In the domain name investment market, many potential domain names are not activated because they are held by large companies. Such domain names are often shelved due to company mergers and acquisitions, product discontinuation, etc. As a domain name investor, it is tempting to buy such idle domain names from large companies, but it also faces many challenges. The following are typical problems and experience summaries I encountered in the process of domain name purchase.
1. Find the right decision maker
First of all, it is often not easy to contact the right decision maker. Usually, the contact information on the Whois record usually points to the IT department or a general company email address. These contacts usually do not have the decision-making power for domain name sales. Many times, the IT department receives a large number of emails, and the investor's inquiry email is likely to be ignored or cannot be conveyed to the decision-making level.
In addition to Whois information, another strategy is to find people or departments that have influence on domain name management or sales through research. Sending a sincere offer often helps to attract the attention of the right people. Concisely and clearly expressing the purchase intention in the email and explaining the potential transaction advantages can sometimes help you take the first step to success.
2. Obtain sales authorization
Once the decision maker is found, obtaining approval to sell the domain name is the next level. Companies generally don’t sell domains that are related to their normal business. Even if the domain is ostensibly idle, it may still be used for backend functions, such as corporate email, SEO traffic, etc. Some companies will not sell any domains at all, considering future reuse.

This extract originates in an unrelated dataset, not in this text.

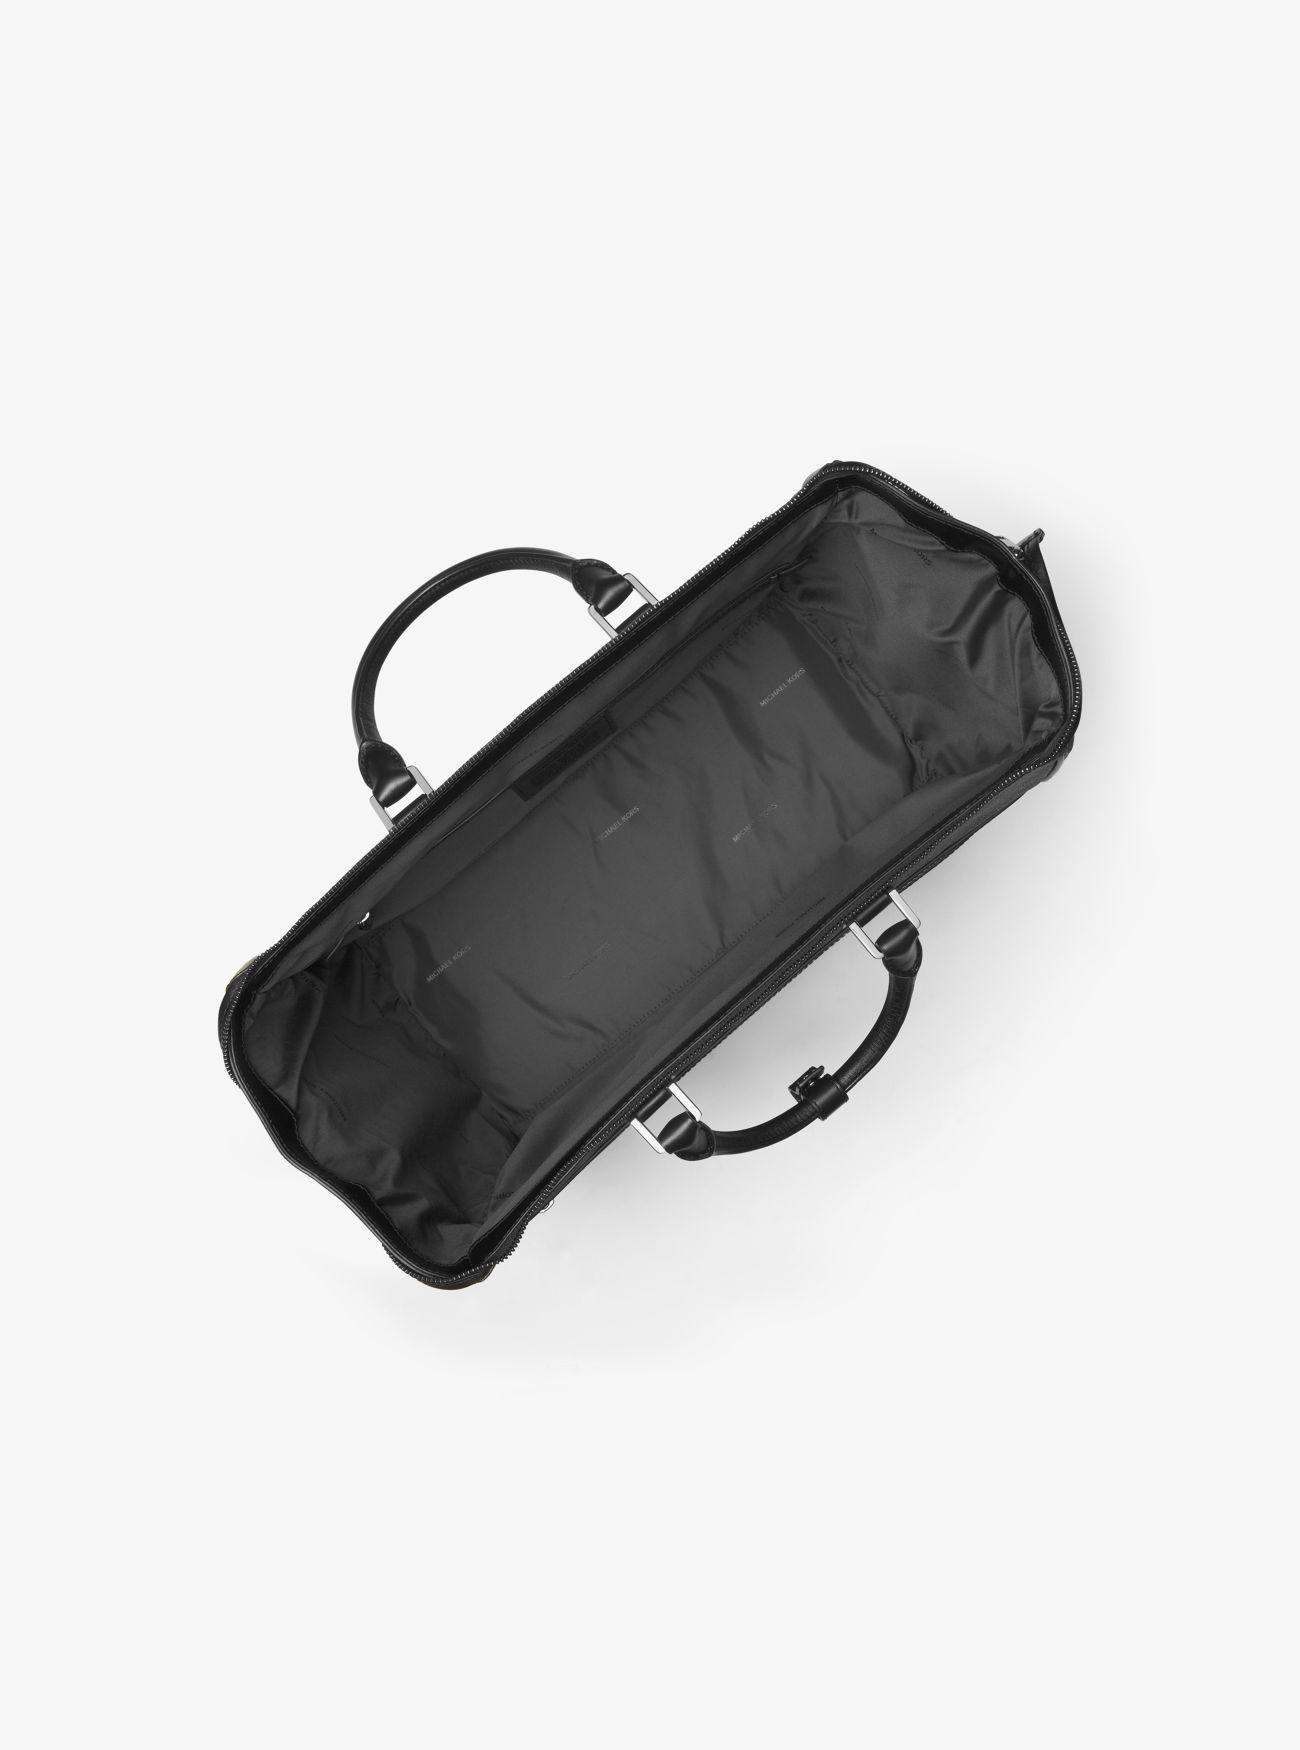 461def0344 Lyst - Michael Kors Jet Set Travel Carry-on Duffel in Black for Men

If a company decides to sell a domain, the challenges are not over. Even if there is an intention to sell, the negotiation process for a domain is still complicated, especially when the other party offers too high a price or lacks motivation to complete the deal. When negotiating the price of a domain with a large company, the relevant person in charge on the other side usually has no clear personal interests and may therefore lack the motivation to facilitate the transaction.
3. Complex legal process
If the price is agreed upon, the next step is the tedious legal review process. I usually send a draft purchase agreement, but the other party’s legal team almost always proposes modifications. Multiple rounds of contract modifications are very time-consuming and, if lawyers are involved in review, the cost is also quite high. In addition, sometimes there will be internal personnel changes in the company, and the new management may suspend or terminate the sale for various reasons, adding more uncertainty.
Once all parties finally sign the purchase agreement, the transaction usually goes smoothly. However, sometimes the other party has difficulty with the Escrow.com verification process, especially when it comes to KYC (know your customer) audits. Some company executives are unfamiliar with the Escrow.com process and refuse to submit identification documents. In this case, I will choose lawyers to escrow, but this will also lead to time delays and contract revisions.
4. Details in the transfer process
After completing the agreement and escrow arrangements, the remaining steps are relatively simple. I will provide the seller with detailed instructions on how to apply for and send the authorization code to start the transfer process. Clear instructions can save communication time for both parties, especially reducing the large number of email exchanges, ensuring a smooth transaction.
5. The sense of achievement after completing the transaction
Successfully acquiring a domain name held by a large company often brings a great sense of achievement. Usually, this process involves a lot of time, energy and even financial investment, and has gone through several rounds of negotiations and contract modifications. For these domain names that have never been sold on the market, many competitors give up due to failure in the initial communication stage. Although buying domain names from large companies may involve higher financial risks, as investors gain experience, they can gradually improve their negotiation skills, thereby reducing risks and securing high-quality domain names with potential.